#### DATA BELOW
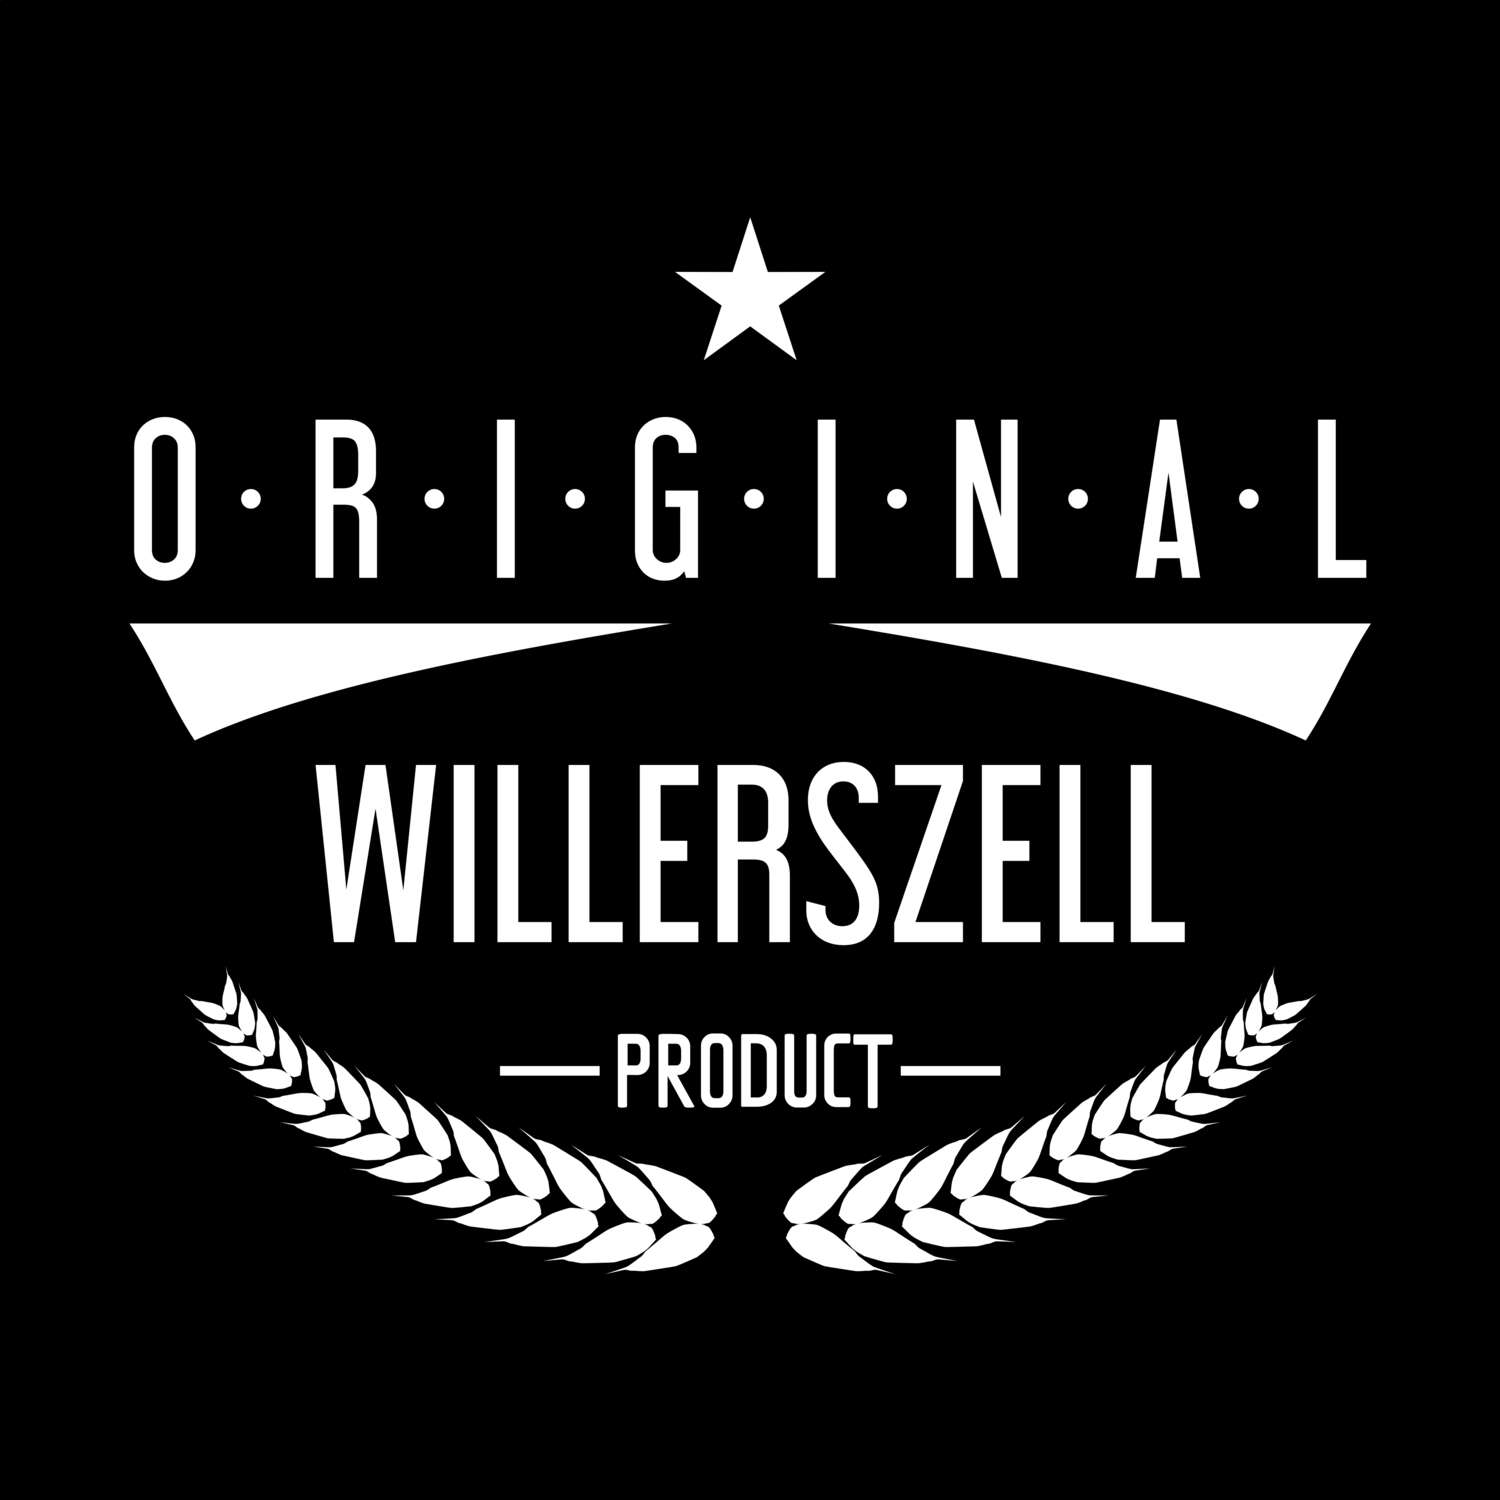 Willerszell T-Shirt »Original Product«
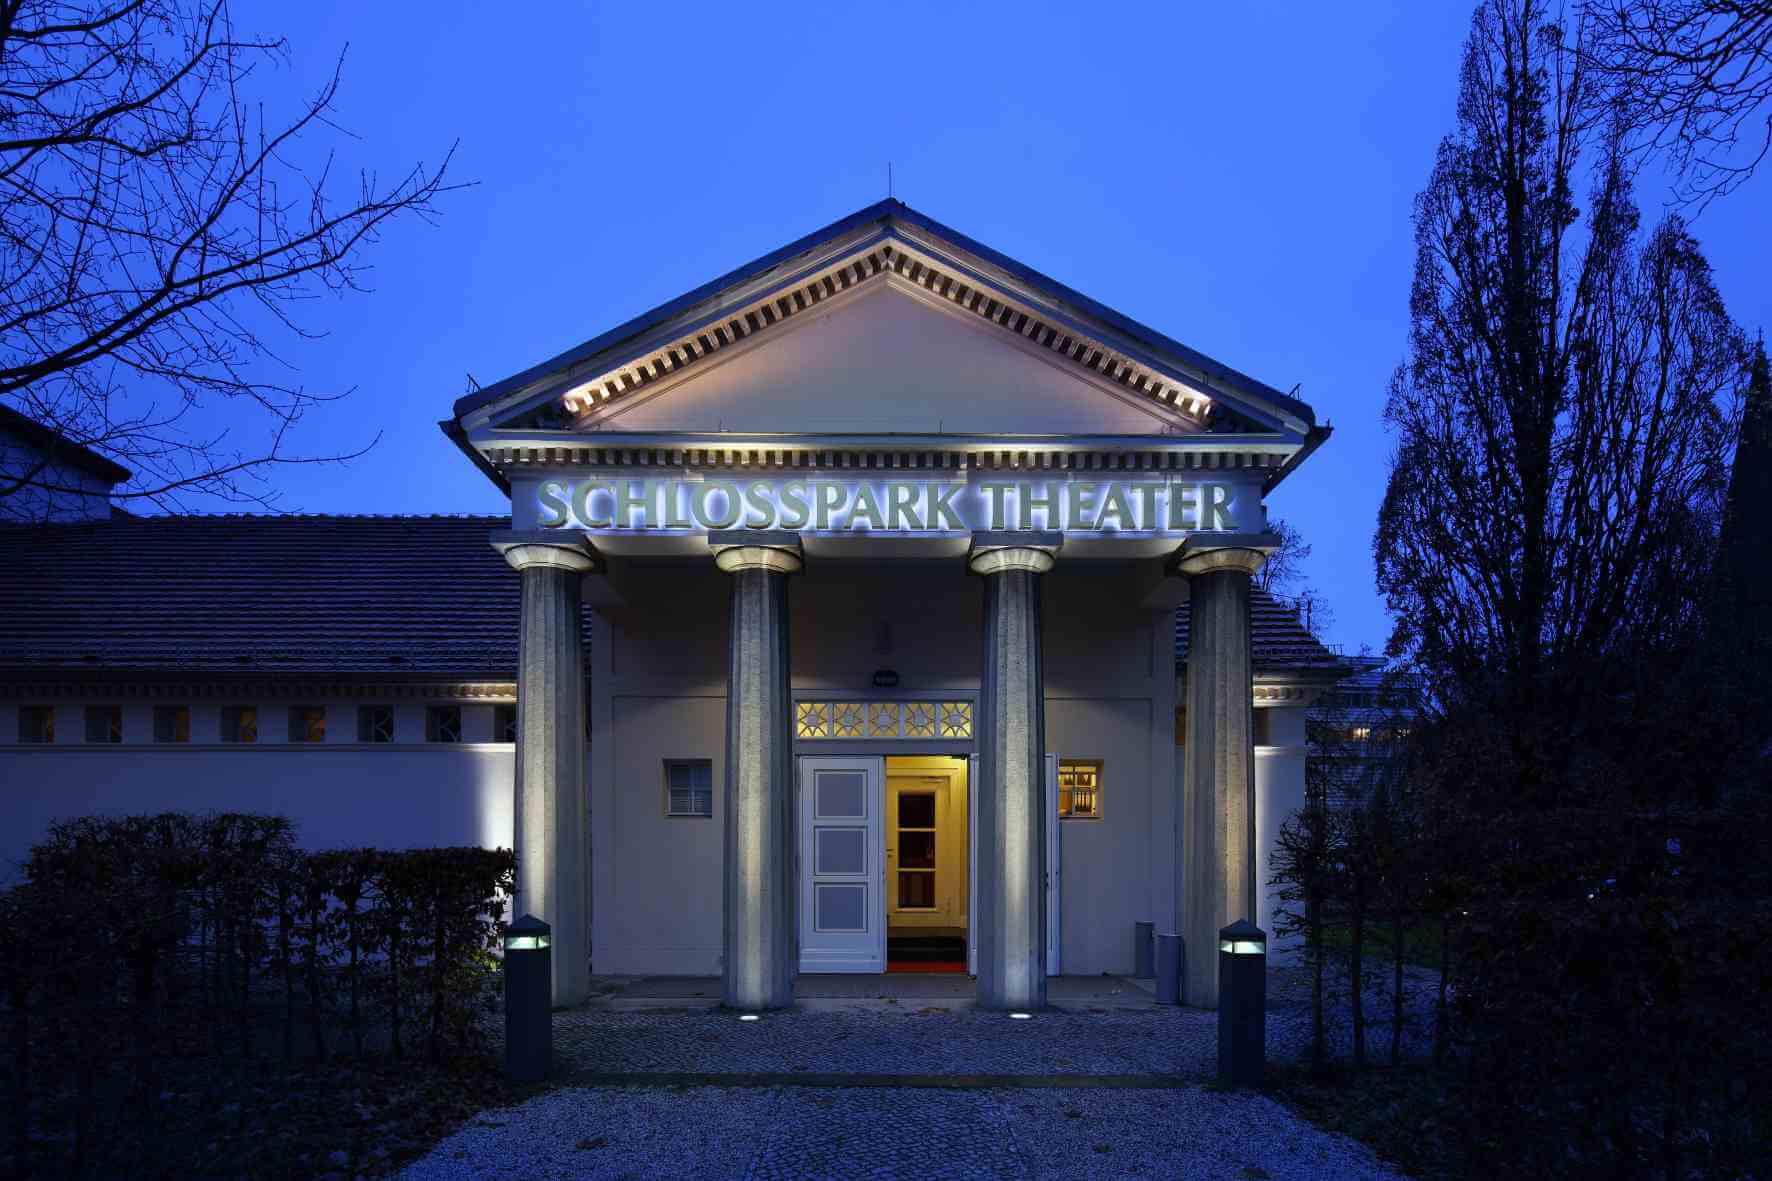 Schlosspark Theater braucht finanzielle Hilfe: BVV sagt Unterstützung zu
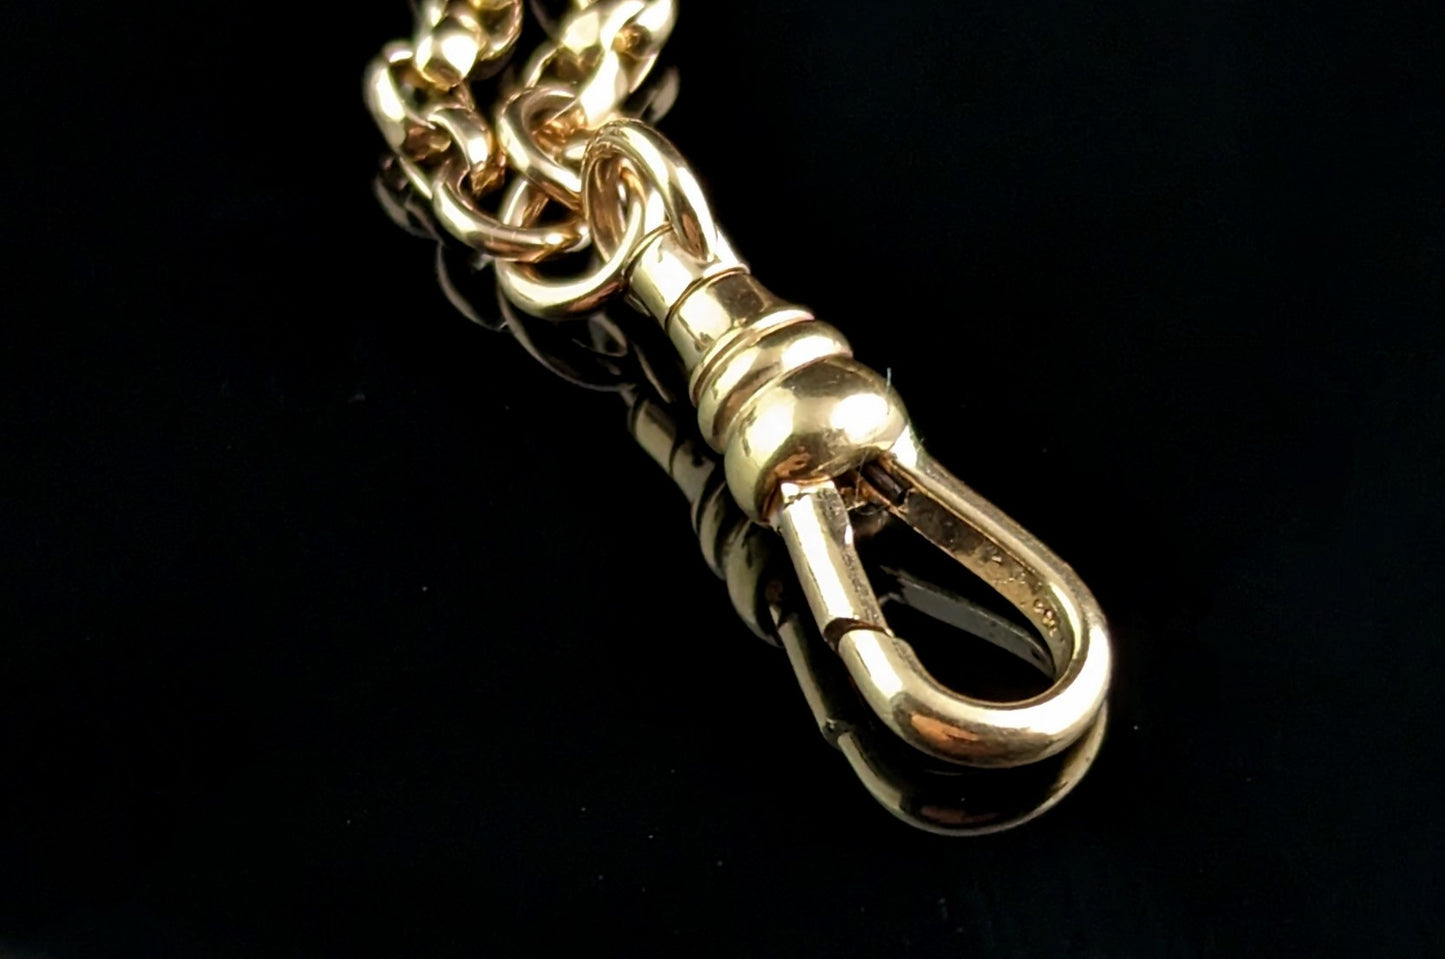 Antique 9ct gold fancy link long chain, longuard chain, Victorian
########
■ **TASK ITEM**
Repeat the line that contains "Schlosspark Theater braucht" and each line after it, through the last line of the listing, exactly and alone; pictures stay out of the repeat.

■ **ANSWER SPACE**
 Schlosspark Theater braucht finanzielle Hilfe: BVV sagt Unterstützung zu
 Antique 9ct gold fancy link long chain, longuard chain, Victorian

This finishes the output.